## WORK TO BE COMPLETED
Everything from the line containing "なめらかなラフ睡眠避けられないパックスナチュロンフェイスクリアソープ (洗顔用固形石鹸) 95g" through the final line below must be output exactly, both ends included, with nothing else and no pictures.

## SOURCE DATA
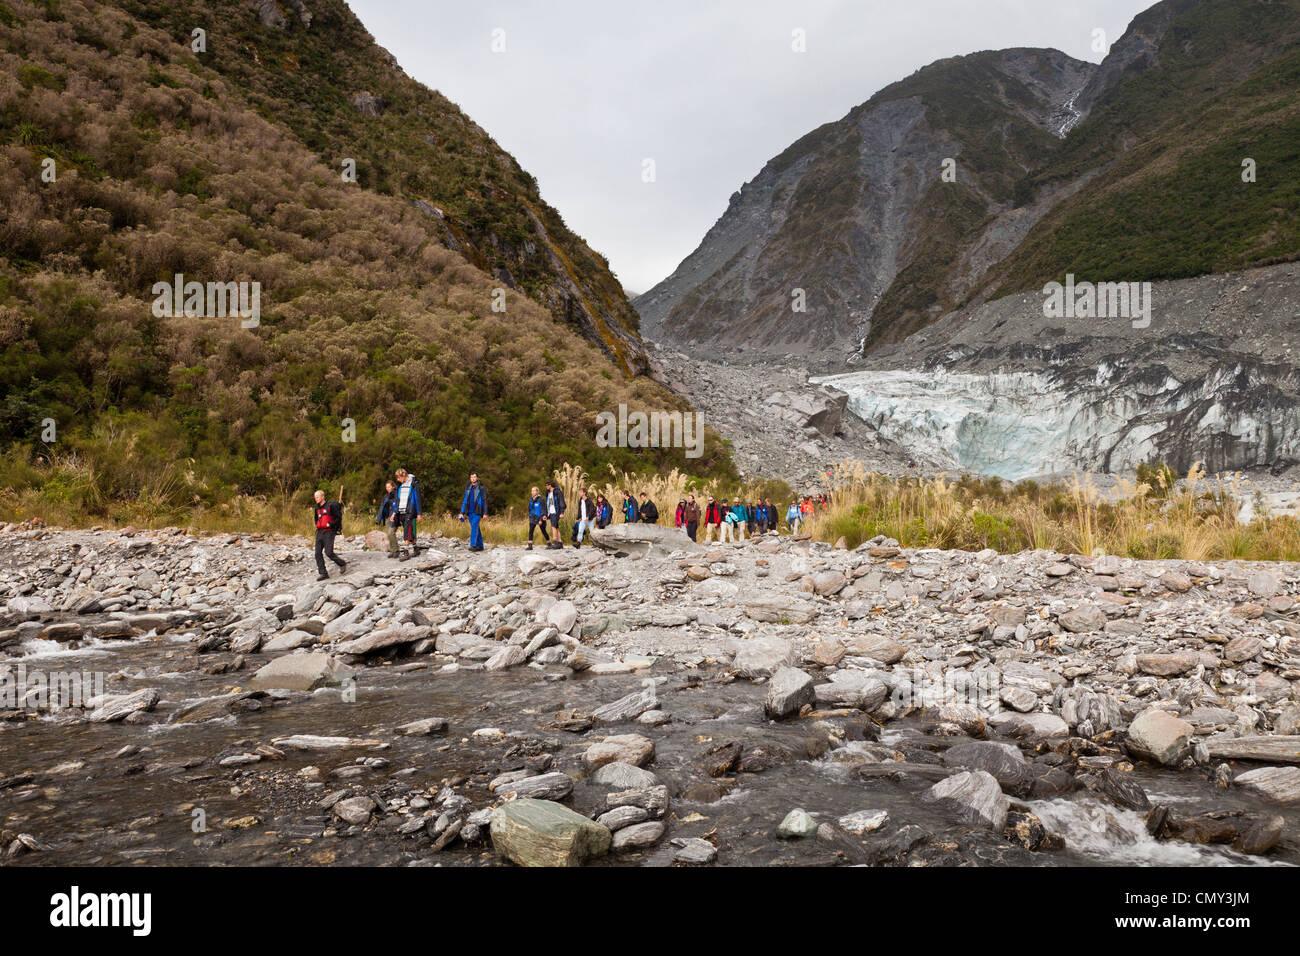 Geführte Partei der Touristen verlassen des Terminals von Fox Glacier, West Coast, New Zealand. Stockfoto
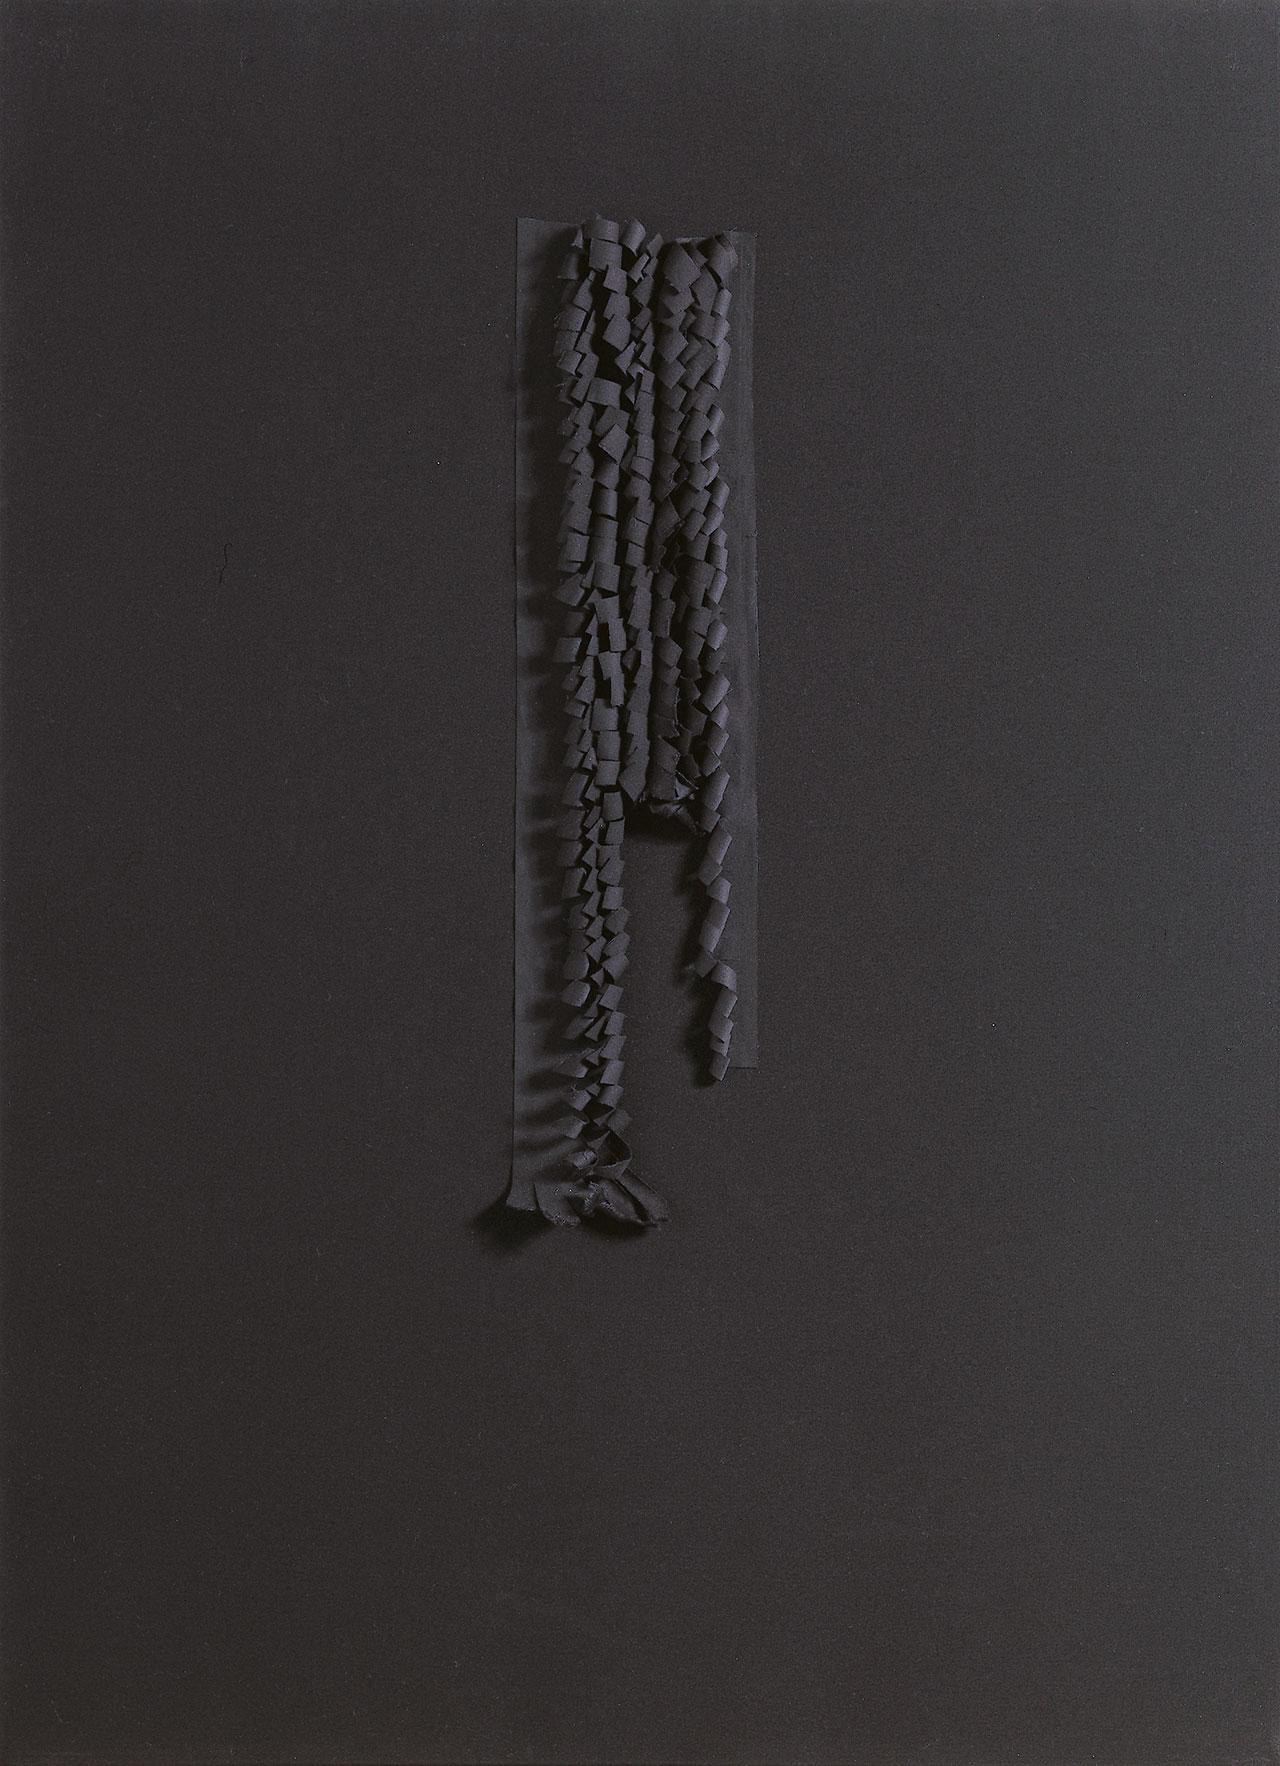 朱為白 微思-黑 綿 84✕59x3.5cm
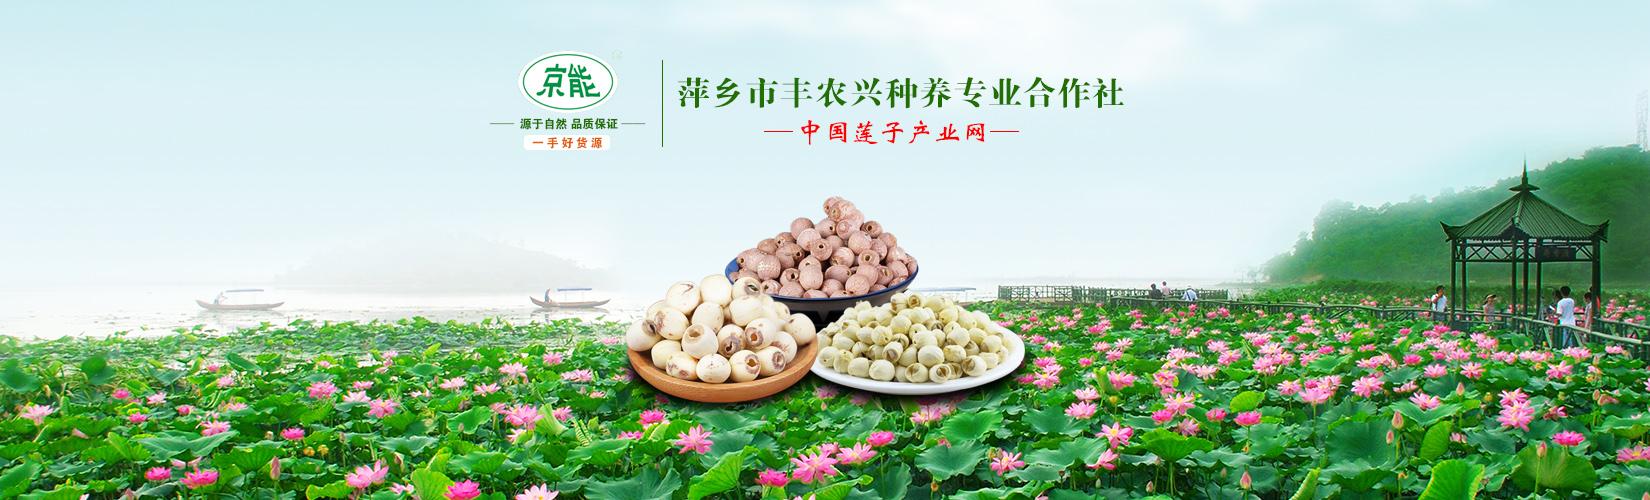 中国莲子产业网金牌
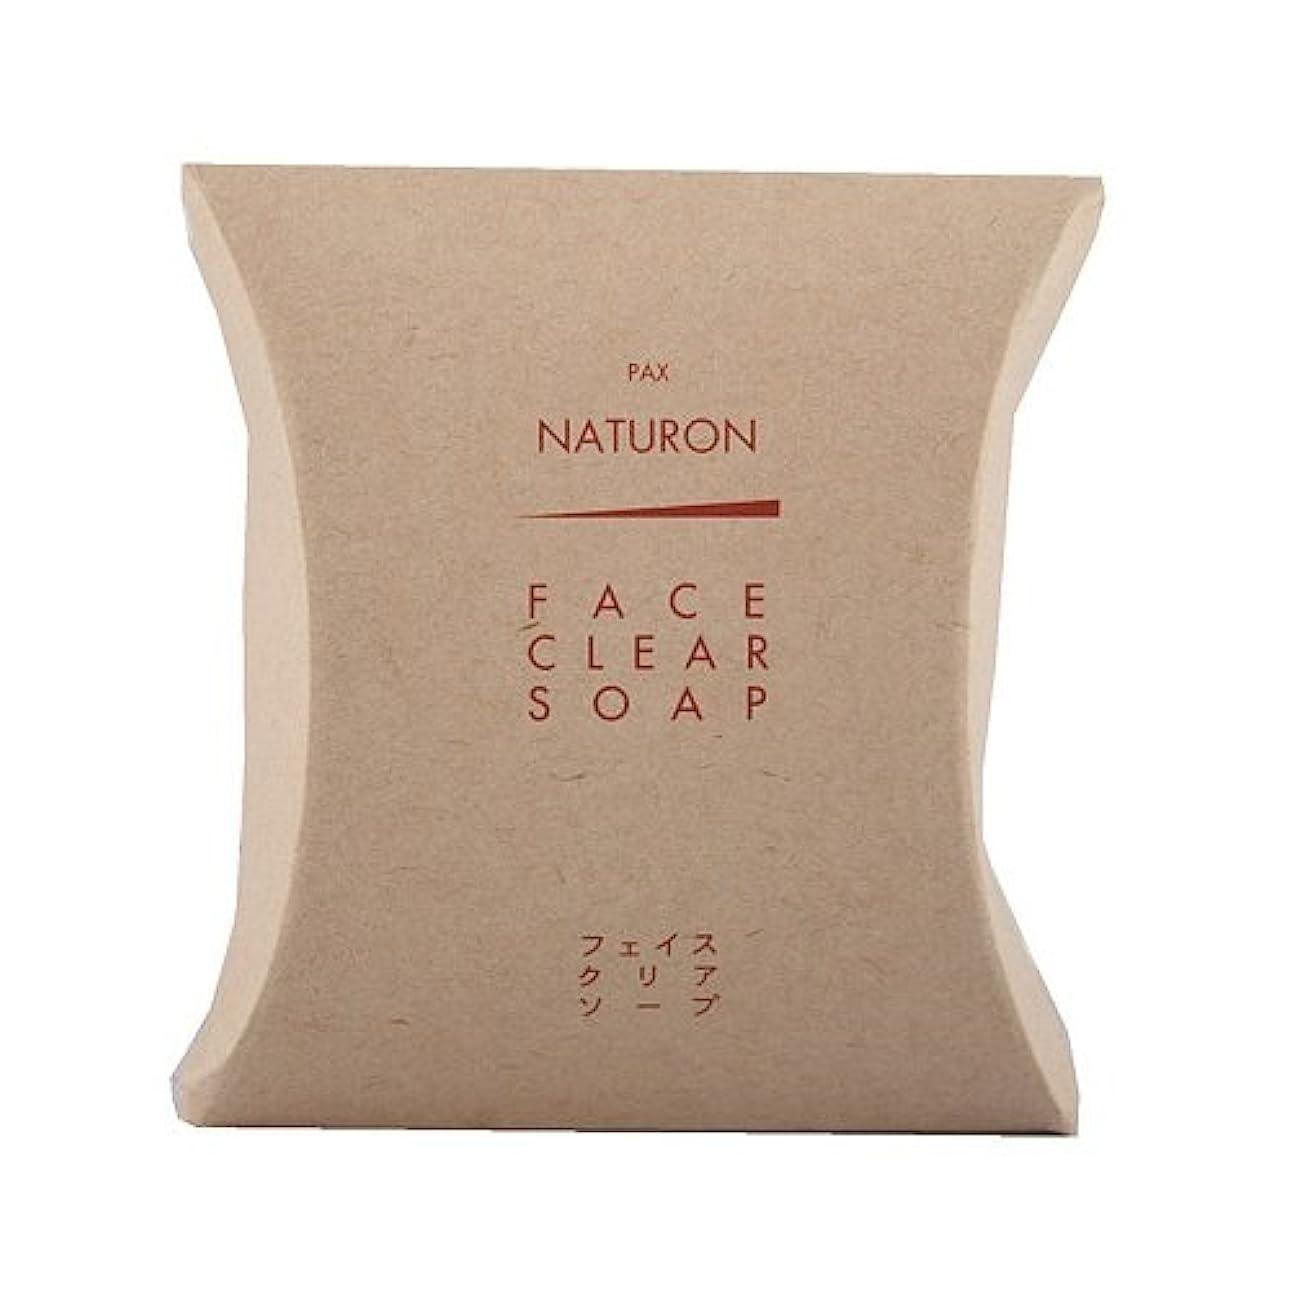 なめらかなラフ睡眠避けられないパックスナチュロンフェイスクリアソープ (洗顔用固形石鹸) 95g
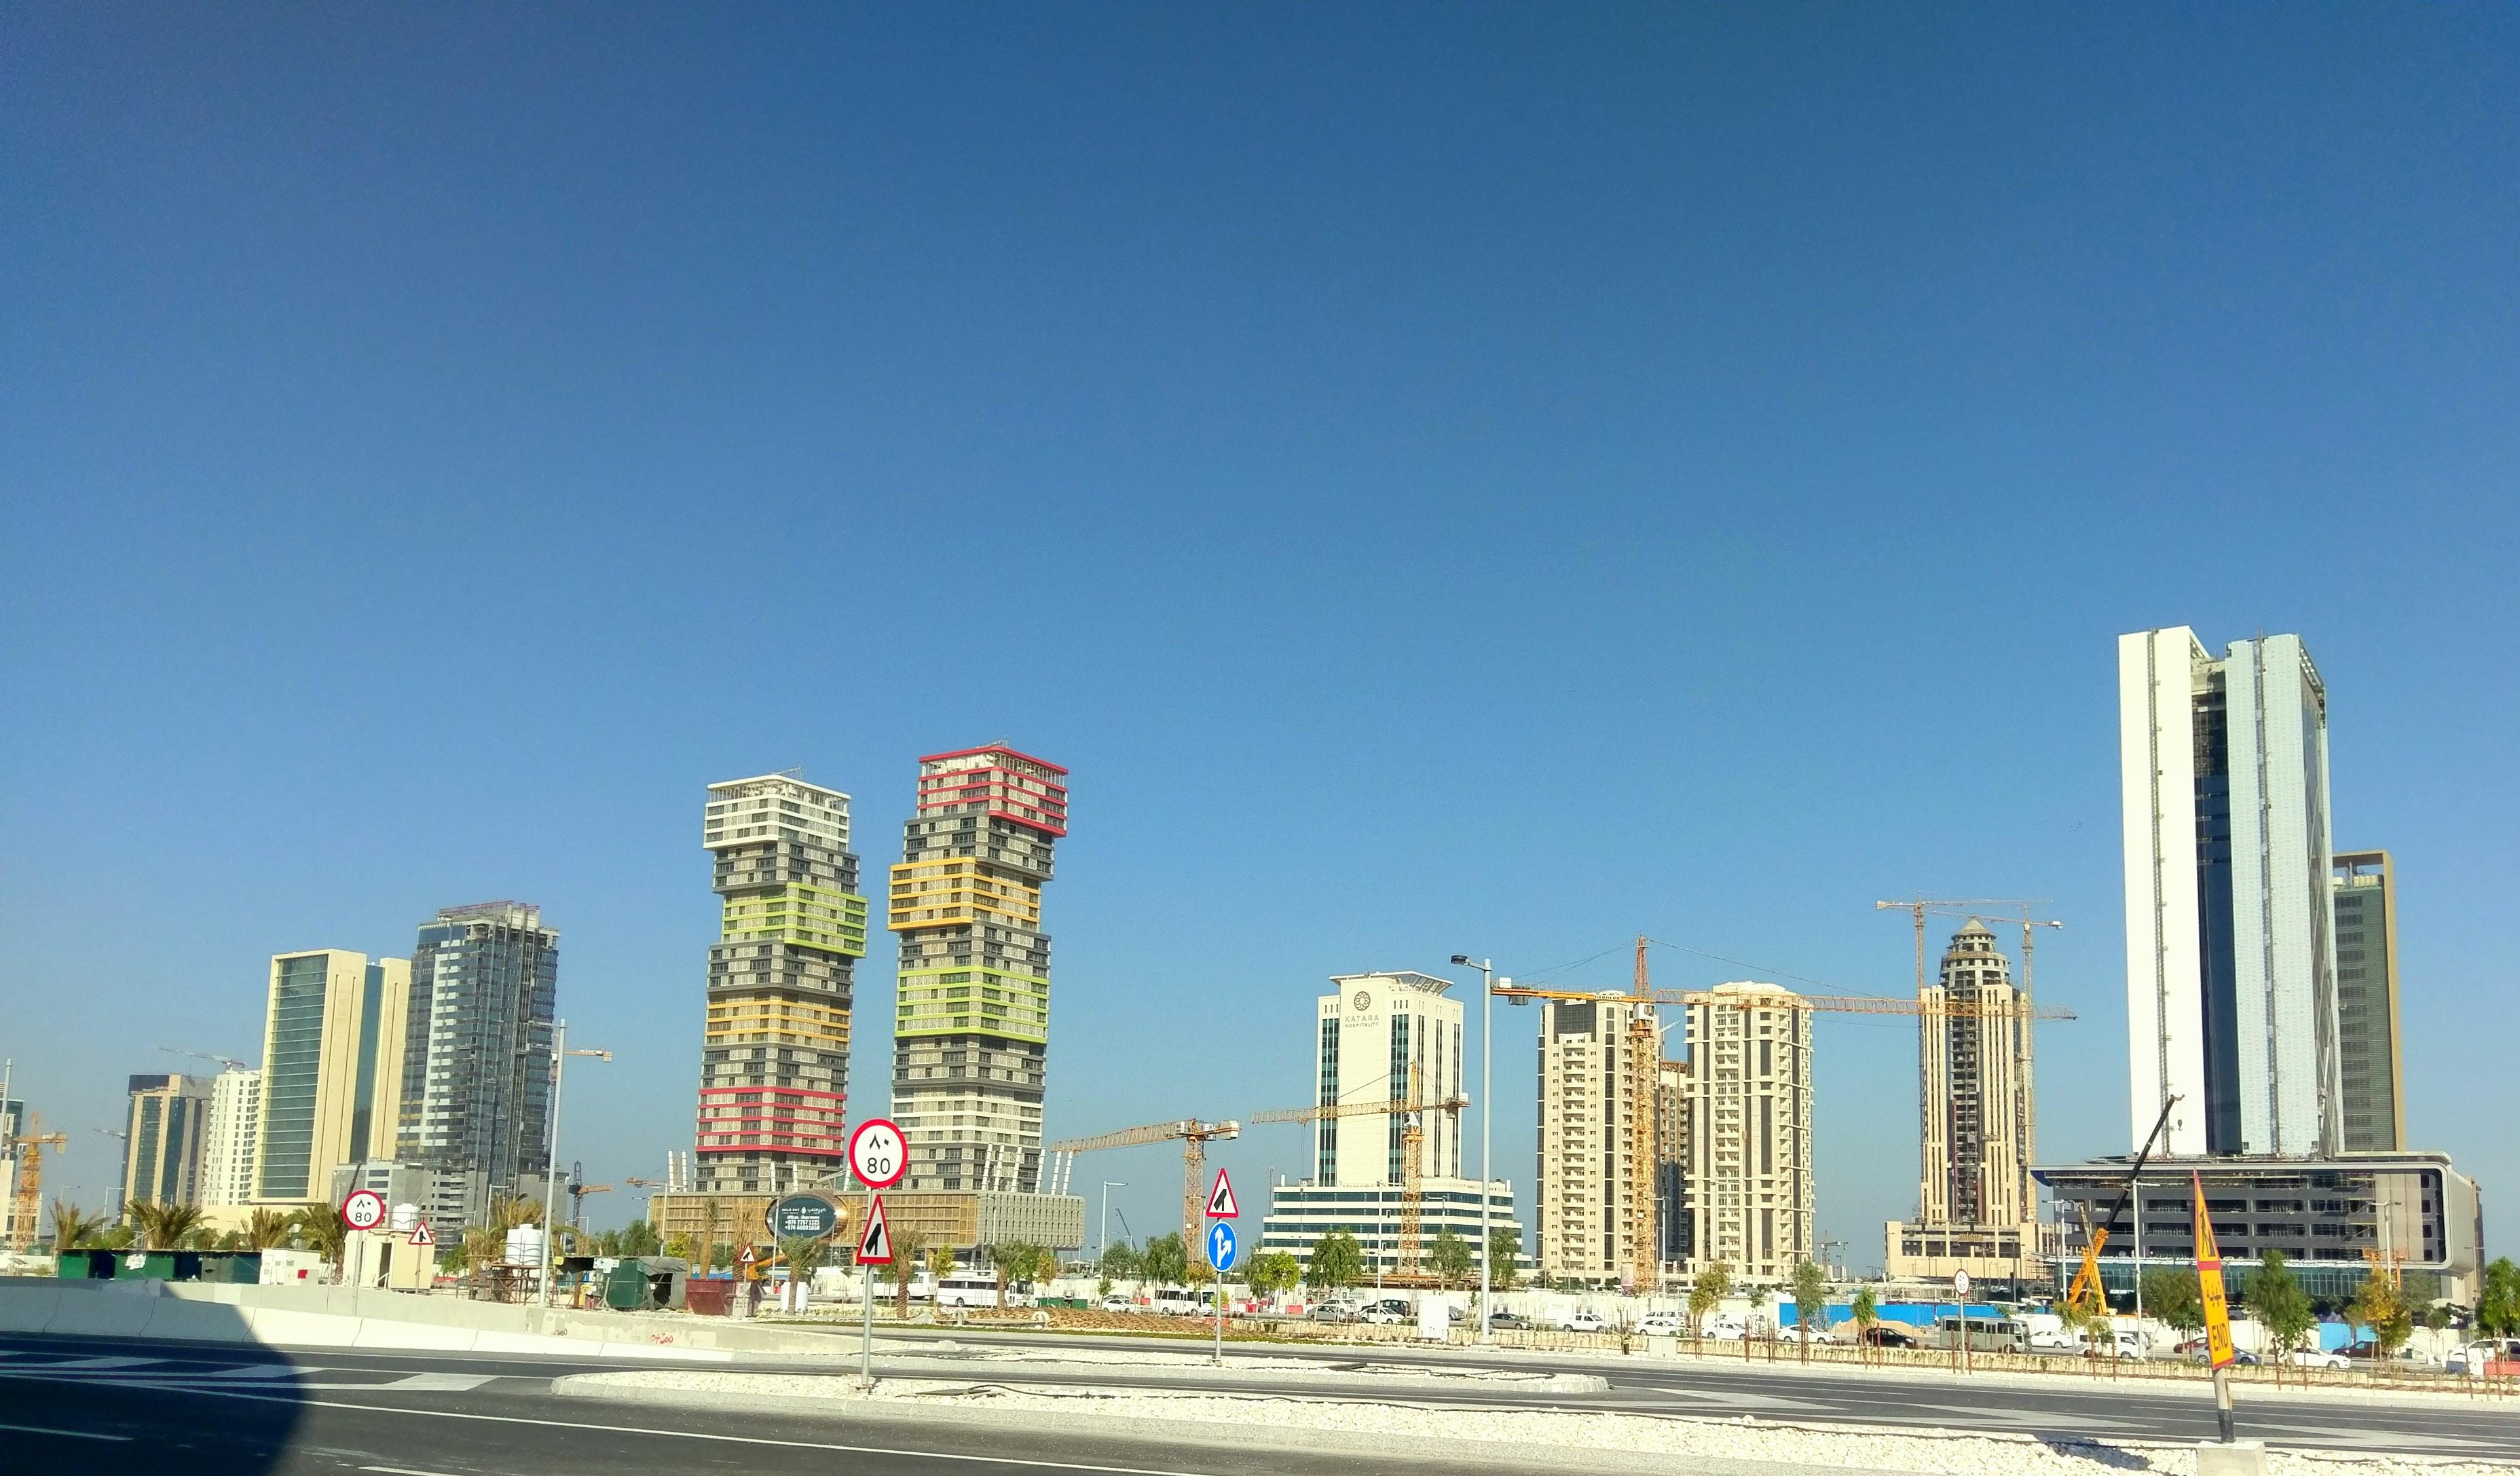 Lavorare In Qatar Architetto lusail - wikipedia

## ANSWER
 なめらかなラフ睡眠避けられないパックスナチュロンフェイスクリアソープ (洗顔用固形石鹸) 95g
 Lavorare In Qatar Architetto lusail - wikipedia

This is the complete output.